**Raw data:**
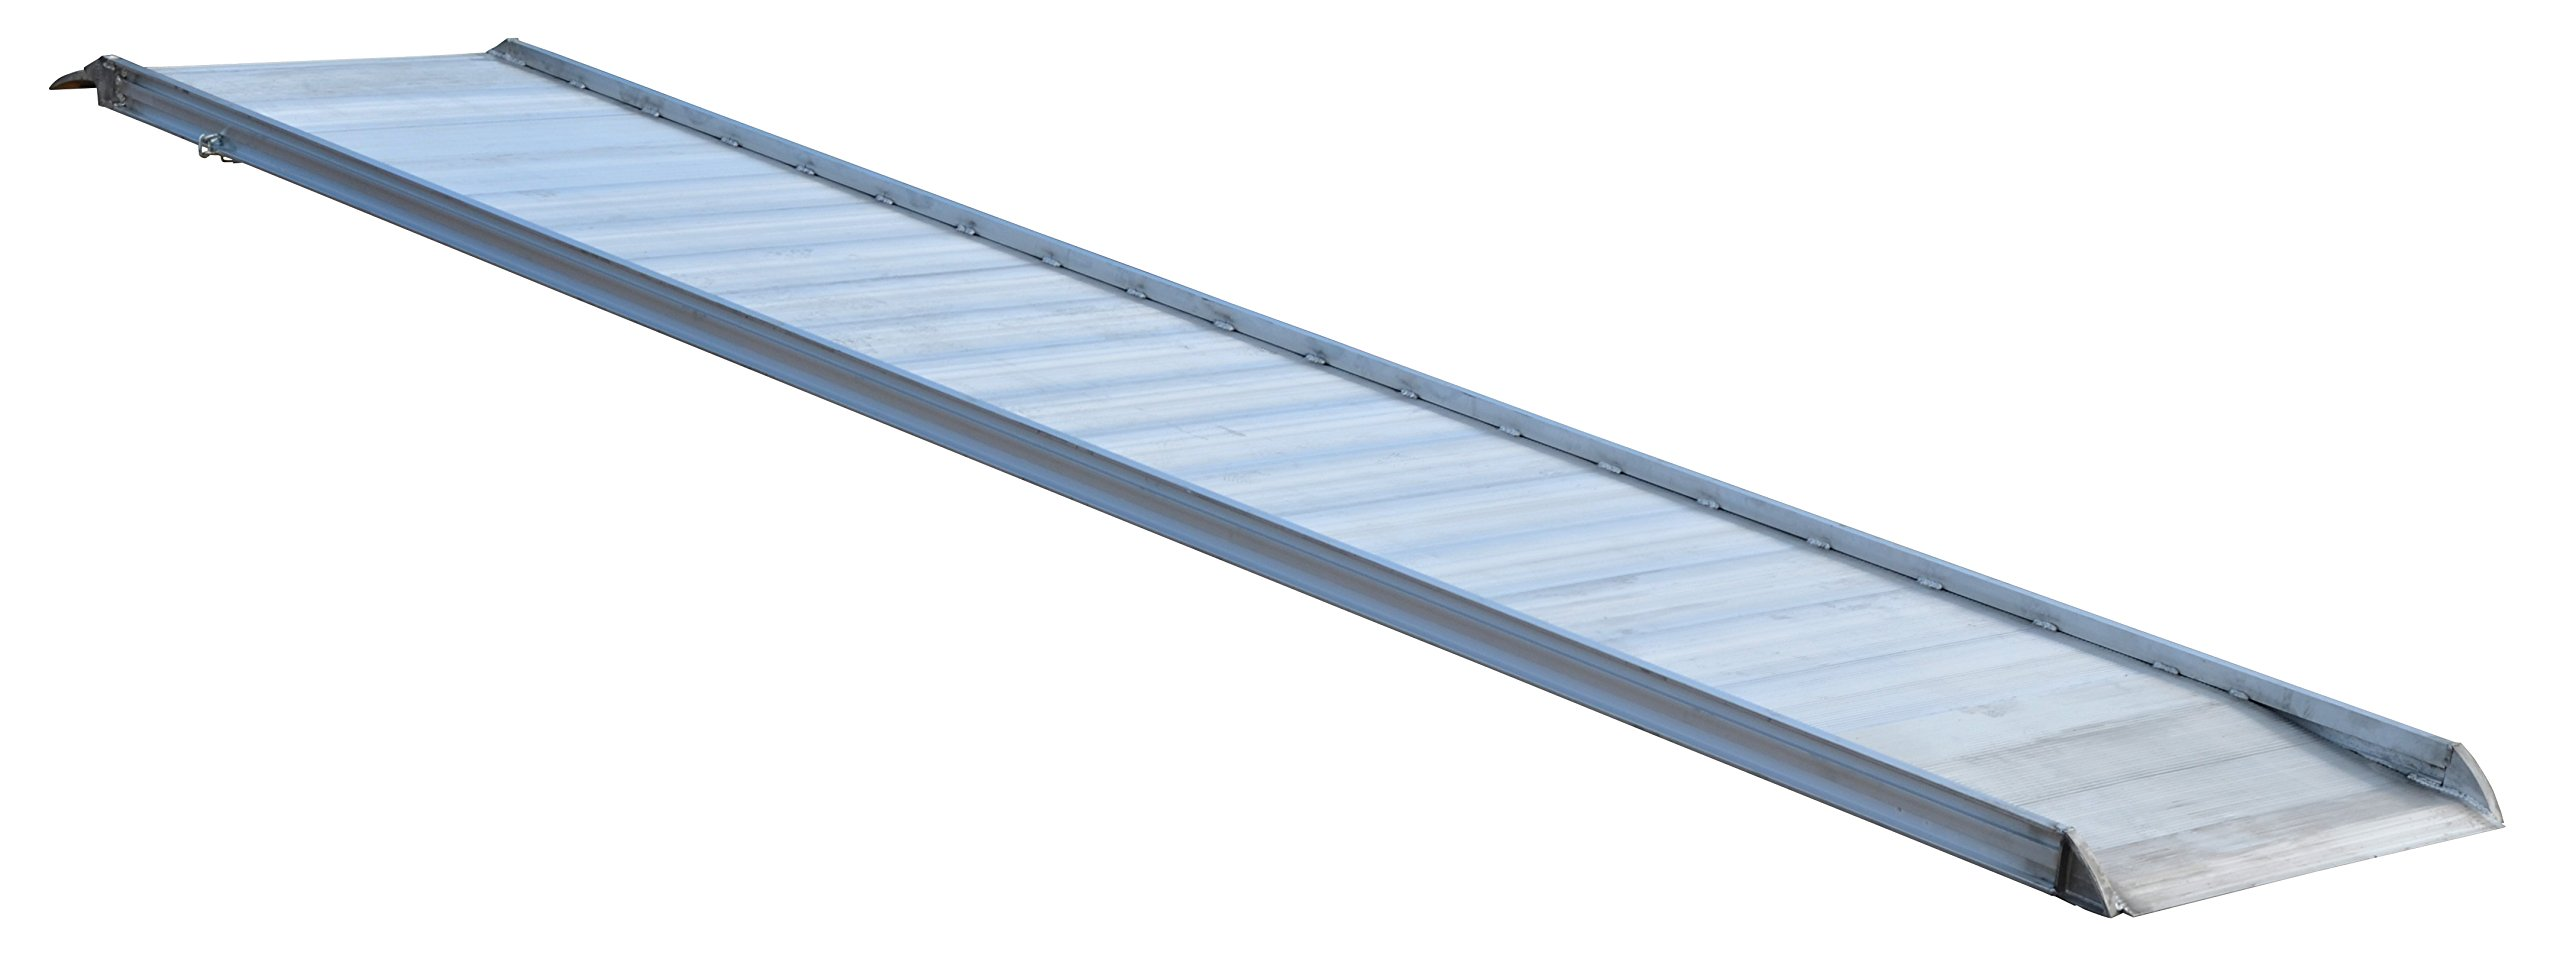 Vestil AWR-38-10B Aluminum Walk Ramp Hook Style, 2200 lb., 120'' Length, 38'' Width, 4.3125'' Height
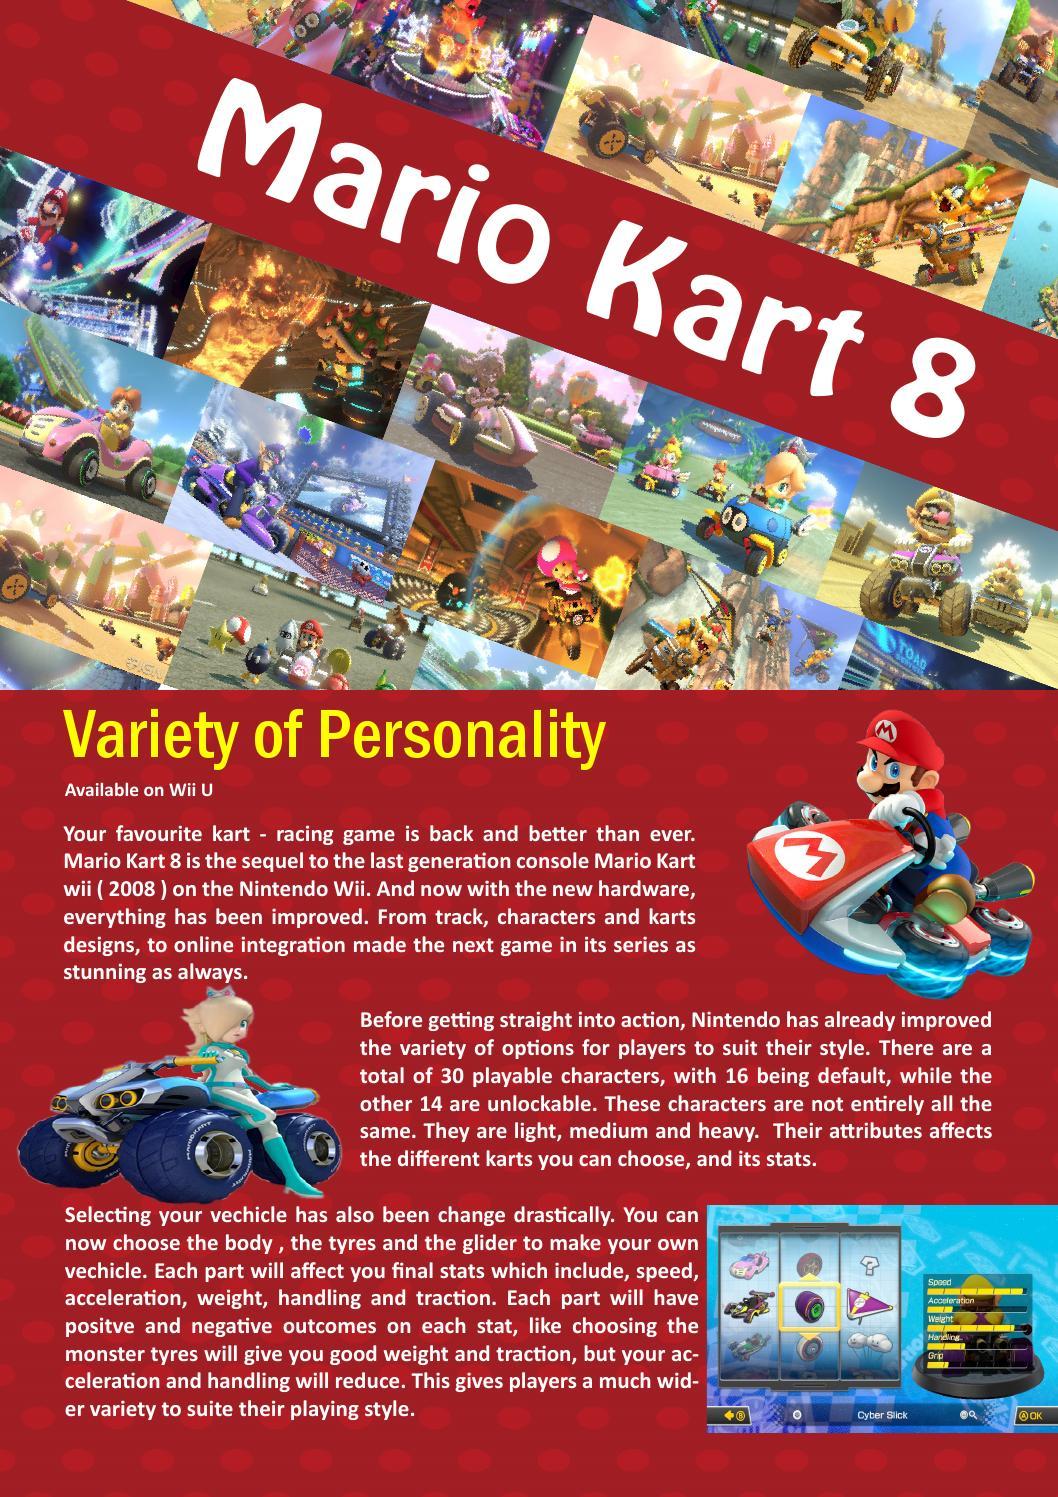 Mario Kart 8 Prototype Example Pdf Interactive By Machination Issuu
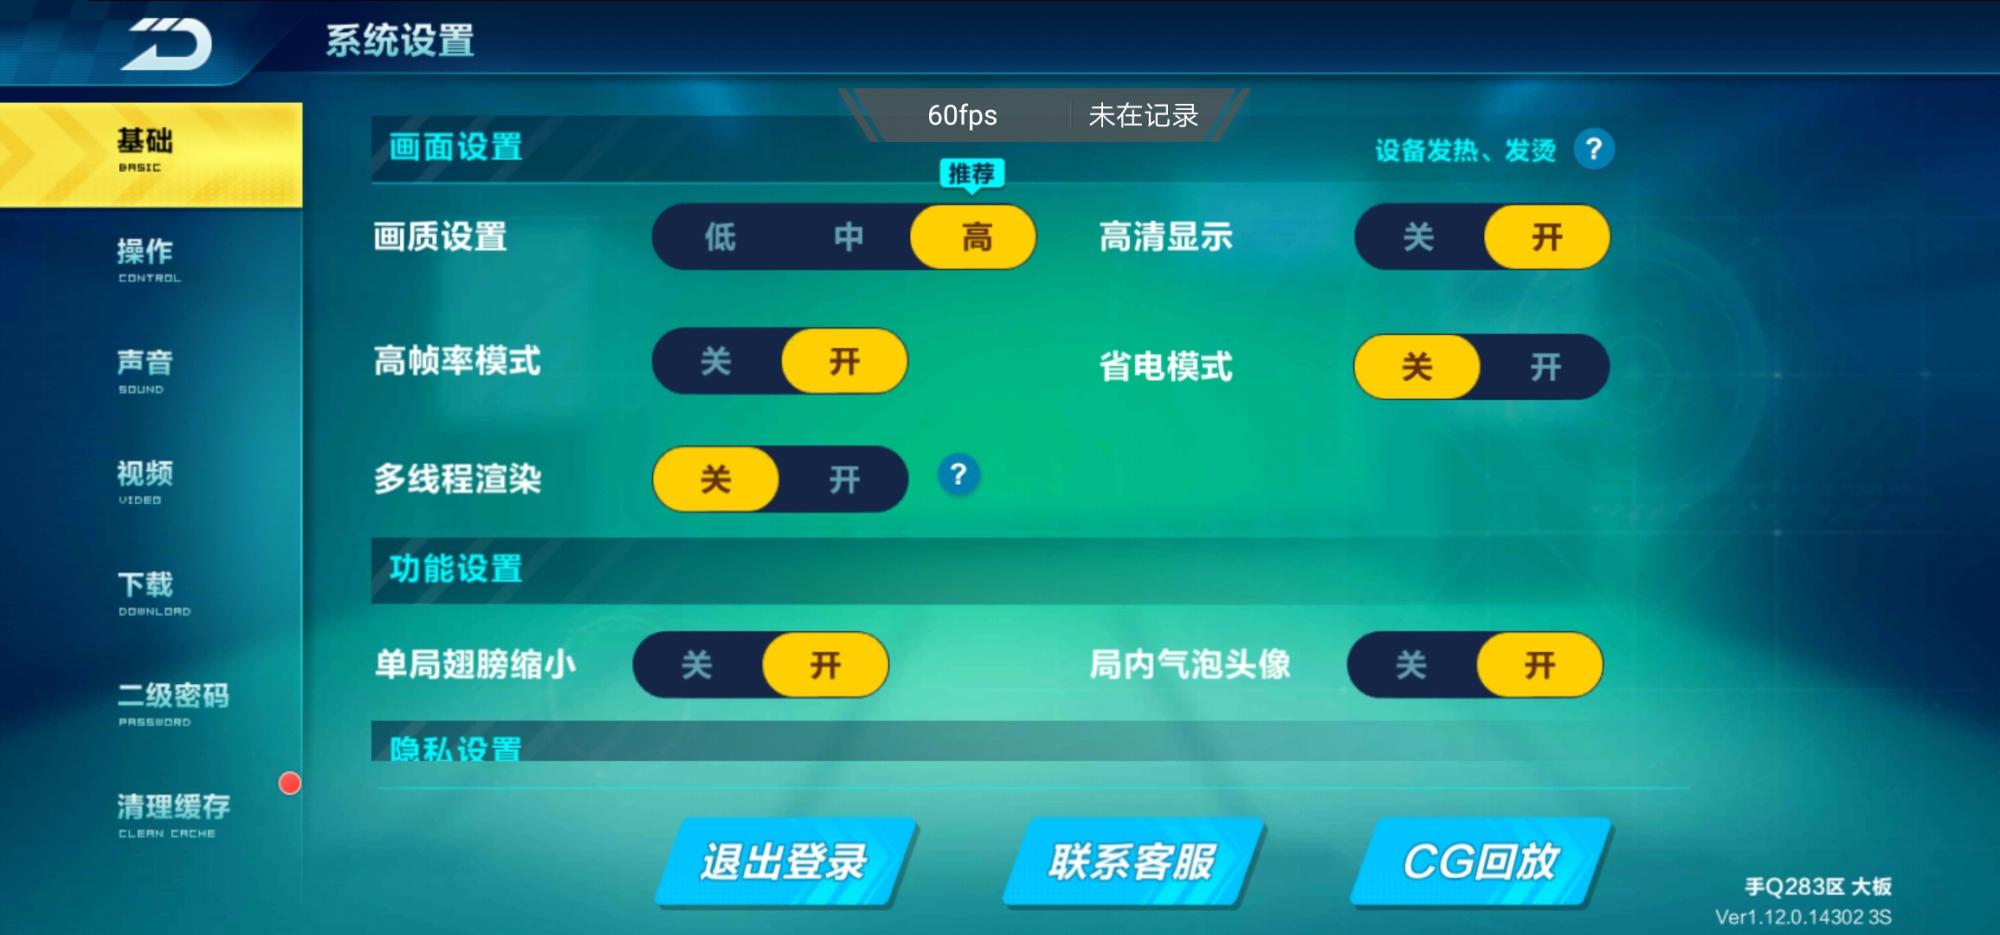 Screenshot_20190506_224938_com.tencent.tmgp.speedmobile.jpg

**Work item:**
What belongs in the answer is each line above, reproduced exactly, and no picture.

**Solved exercise:**
 Vestil AWR-38-10B Aluminum Walk Ramp Hook Style, 2200 lb., 120'' Length, 38'' Width, 4.3125'' Height
 Mario Kart 8 Prototype Example Pdf Interactive By Machination Issuu
 Screenshot_20190506_224938_com.tencent.tmgp.speedmobile.jpg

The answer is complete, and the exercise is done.